The Hidden Complexity of the Super Bowl
Keith Allison

The Hidden Complexity of the Super Bowl

Tom Brady had an incredible overtime at the Super Bowl last weekend.

After having come back from the biggest deficit in Super Bowl history, he completed passes for first 6, then 14, and then 16 yards in quick succession. After a loss of three yards, Brady completed again for 15 yards to put the Patriots deep into the Falcons half. After an interference call that had Atlanta fans cursing, Brady and his team lined up at the two-yard line. Two plays and an almost interception later and James White scored the game-winning touchdown that delivered Brady his fifth Super Bowl ring.

What a game: who could have predicted that sort of comeback? Nobody, right?

But there was a lot about the game, about the Patriots victory, and about Tom Brady’s passes that was predictable - family easily predictable.
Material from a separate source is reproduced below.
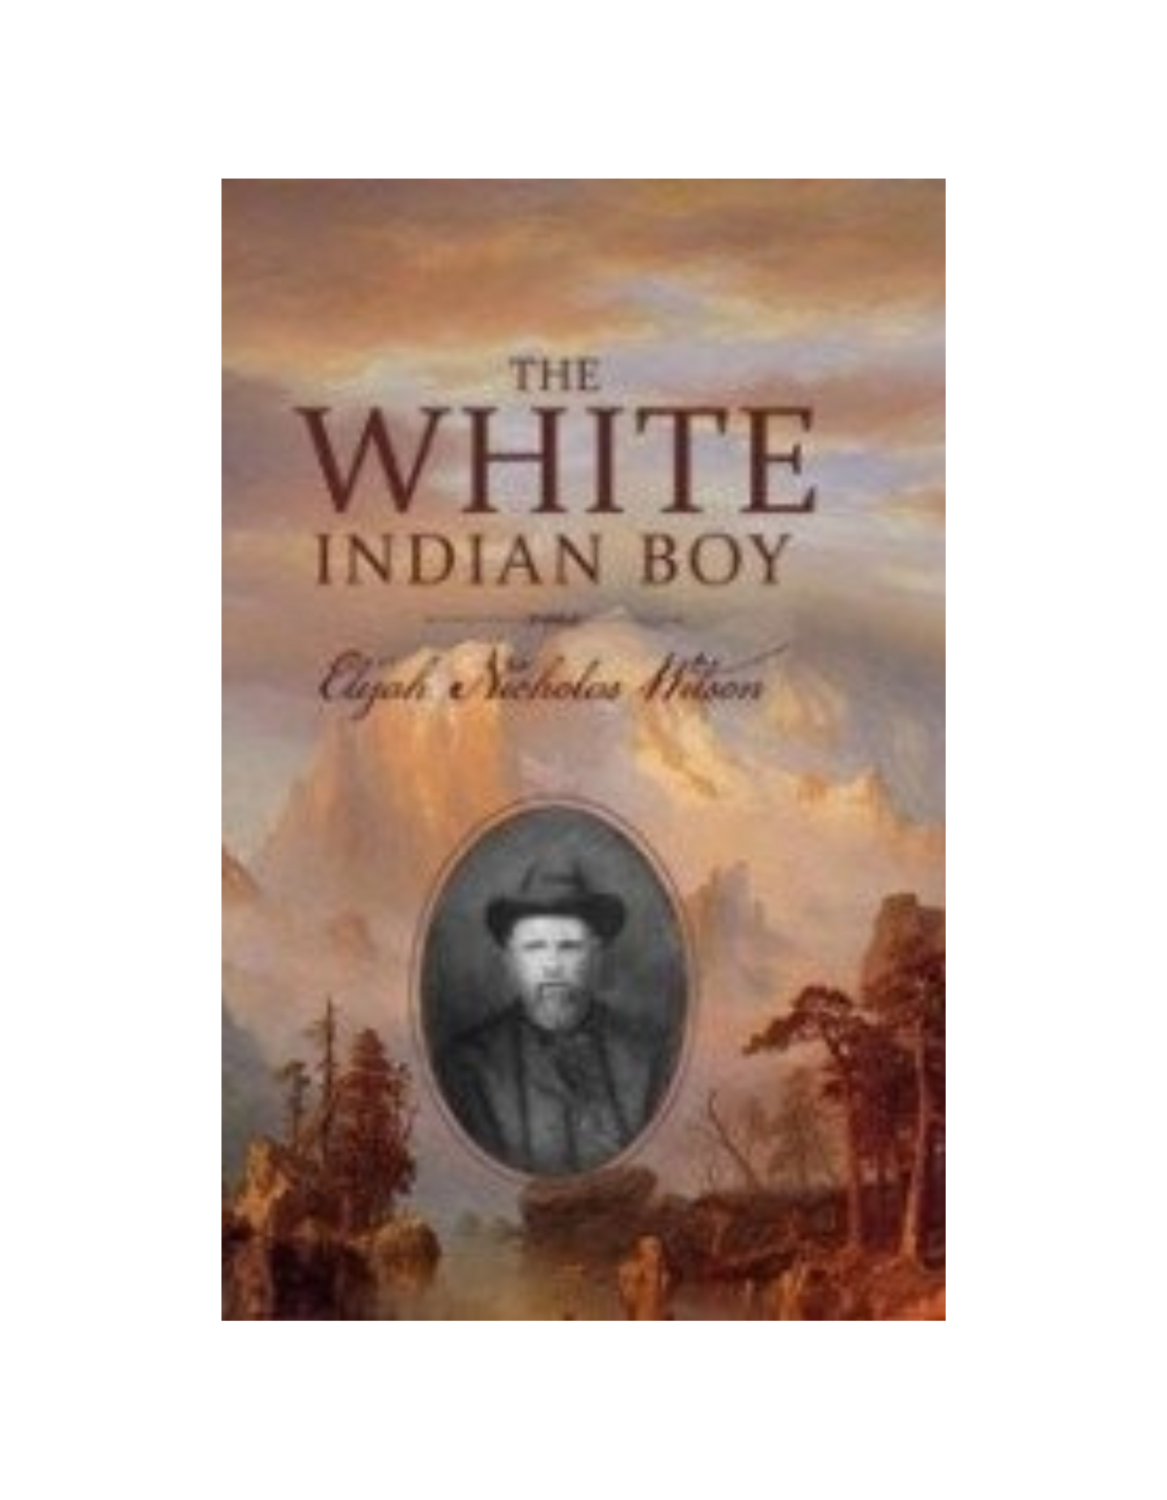 White Indian Boy, The (1910)
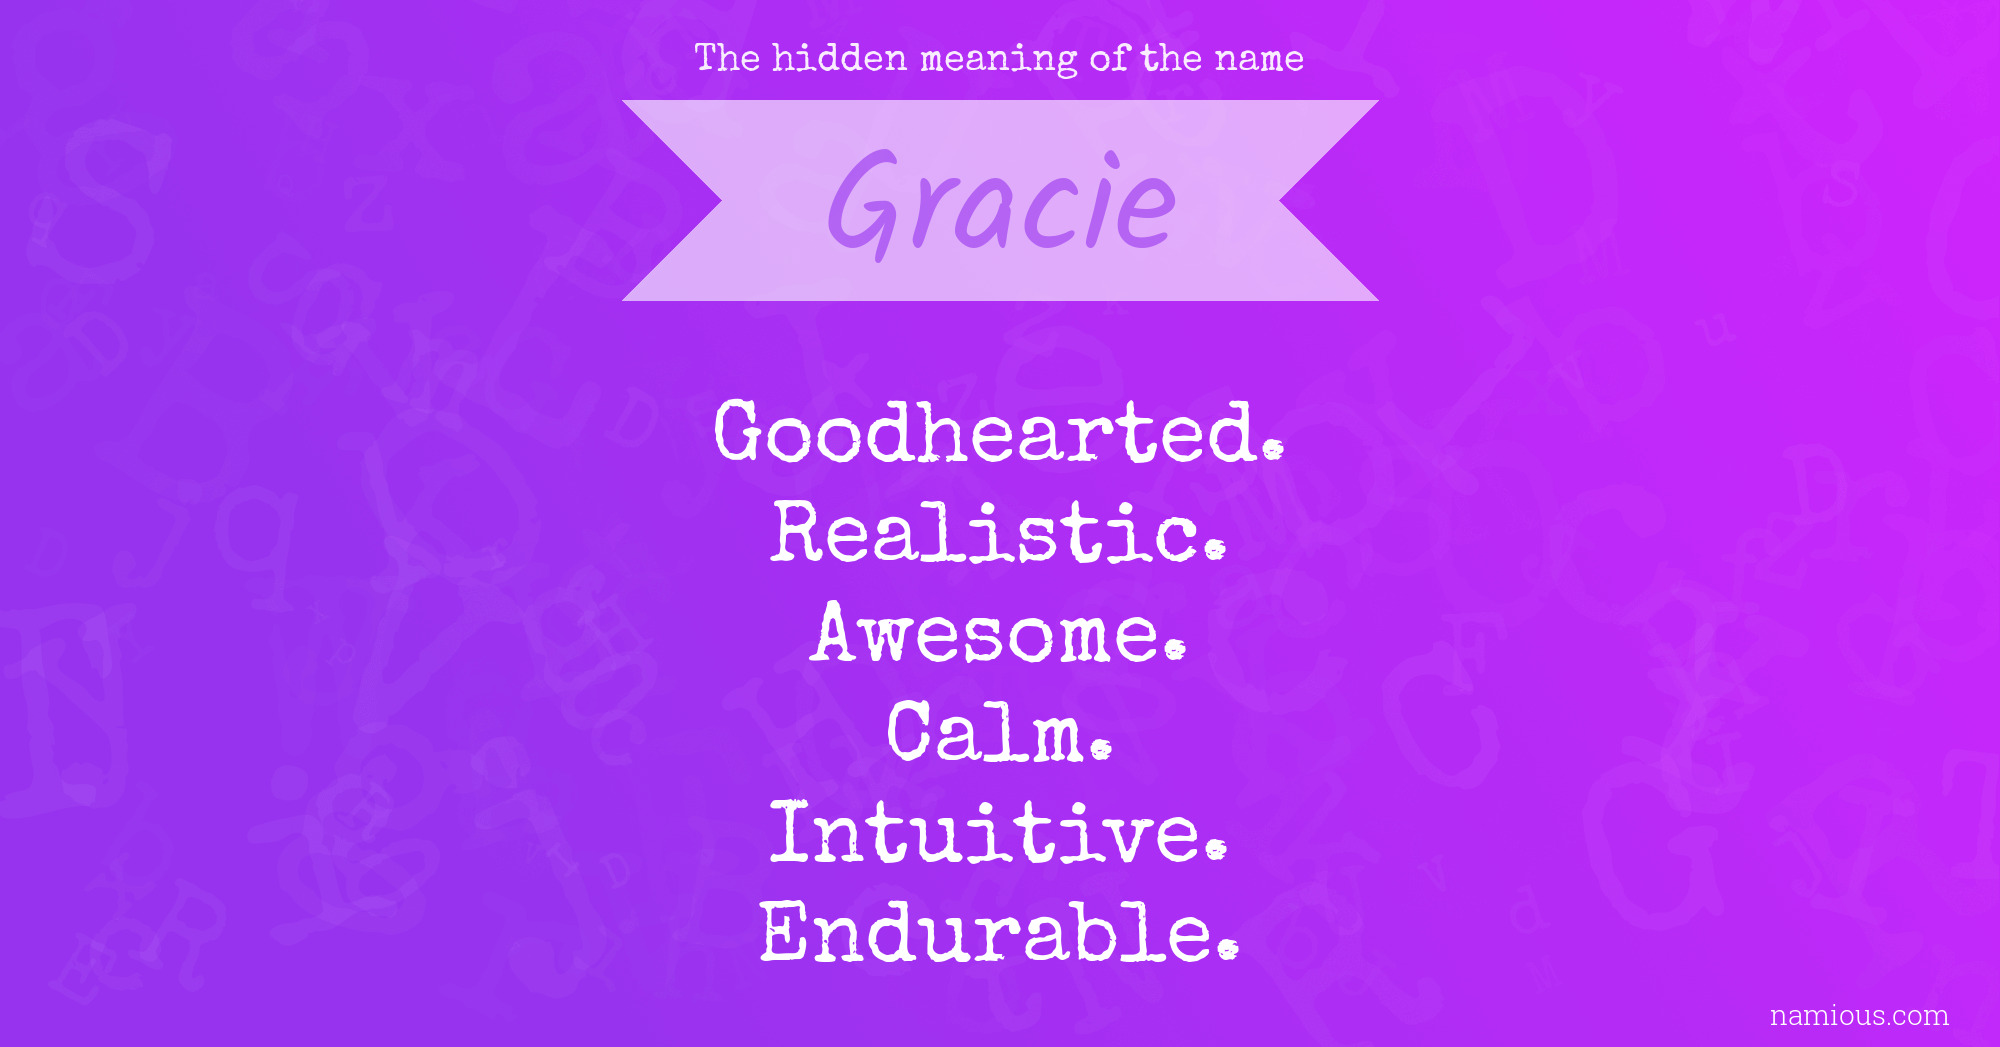 The hidden meaning of the name Gracie

For example, Tom Brady completed 43 out of 62 of the passes he threw, a Super Bowl record. How was it possible for him to hit his receiver so often? The computations in the huddle or on the sidelines light be complicated, but the physics are simple. A football thrown at a certain angle and velocity will reach a point in space at a specified time, and a receiver where that ball is going to be can arrange to be there to catch it. There isn’t a lot of physics being done on the field, of course, but hours of training drills guarantee that when Brady calls the play and releases the ball as planned, his receiver knows where that ball will be a few seconds later.

Other parts of the Super Bowl are less simple, however. Indeed, the Super Bowl is a fantastic example of multiple complex systems interacting in fascinating ways.

Take the ticket price, for example. Officially, seats at the game cost anywhere from $2,500 to $12,000 but prices vary per public demand, the teams who make the game, and availability of tickets on the resale market. In 2013 the average resale price for a ticket to the Ravens-49ers matchup was $2,173. In 2015 when the Patriots met the Seahawks the average re-sale price jumped to nearly $7,000. This year the average price hovered around $5,000. Predicting where Tom Brady is going to place the ball is easy but predicting what it will cost to watch him do so is hard.

Or consider how the fans in the stadium got to the game. In 2014 New Jersey’s MetLife Stadium played host to Super Bowl XLVIII between the Broncos and the Seahawks. It was billed as “the first mass transit Super Bowl” when almost all the 80,000 fans who arrived at the game did so by either rail or bus. In a European city, this might not make for much complexity; indeed, in my home city of Lyon almost all of the fans who voyage to the 60,000 seat Parc OL stadium do so by tram or bus, and the price of the transport is included in the price of the seat. However, in the case of the MetLife stadium, it took coordination between five different authorities to get everyone to the stadium on-time. New Jersey Transit, New York's MTA, the PATH system, the interstate Amtrak system, and even New York Waterways had to align schedules, coordinate timing, deal with congestion, and anticipate traffic snafus in tight windows of only a couple of hours pre- and post-game. What’s more, they had to do all this while still serving the other 11 million mass transit passengers who travel in the region around the stadium each day.

At CoSMo we’ve worked with transportation networks and, trust me, if it sounds like a complex task you don’t know the half of it!

How can this complexity be understood and managed in the optimal manner?

Unlike a Tom Brady pass where the future position of the ball can be predicted and calculated for any angle, velocity, rate of spin, and even temperature with relative ease, there is no simple way to calculate the future position or trajectory of a complex system. It’s not that we don’t understand the mathematics, it’s just that understanding the mathematics doesn’t make any difference. We can’t do anything but sit back and wait for the complexity to play out in real time. Put another way, there are no shortcuts when it comes to predicting the future state of a complex system by doing the math.

But while we can’t take a mathematical shortcut to the future state of a complex system, we can model and simulate that system to determine what the future state will be. If we can model all the important systems and sub-systems precisely enough, if we identify the causes of change and the impacts of those changes on the systems and sub-systems, and if we bake in expert knowledge of the systems as well as the latest approaches in complexity science, and then run simulations on that model, well then we can reliably determine what the future state of the system will be.

This modeling and simulation approach is the only way to accurately predict the future of a complex system. Unlike trying to do the complex mathematics learning how a system evolves in real-time and without a shortcut, a simulation can be done in minutes and predict the future state of a complex system decades in advance. It’s the only way for companies, municipalities, and governments to understand how their complex systems will evolve, and the only way to determine which strategies to employ to take advantage of that complexity.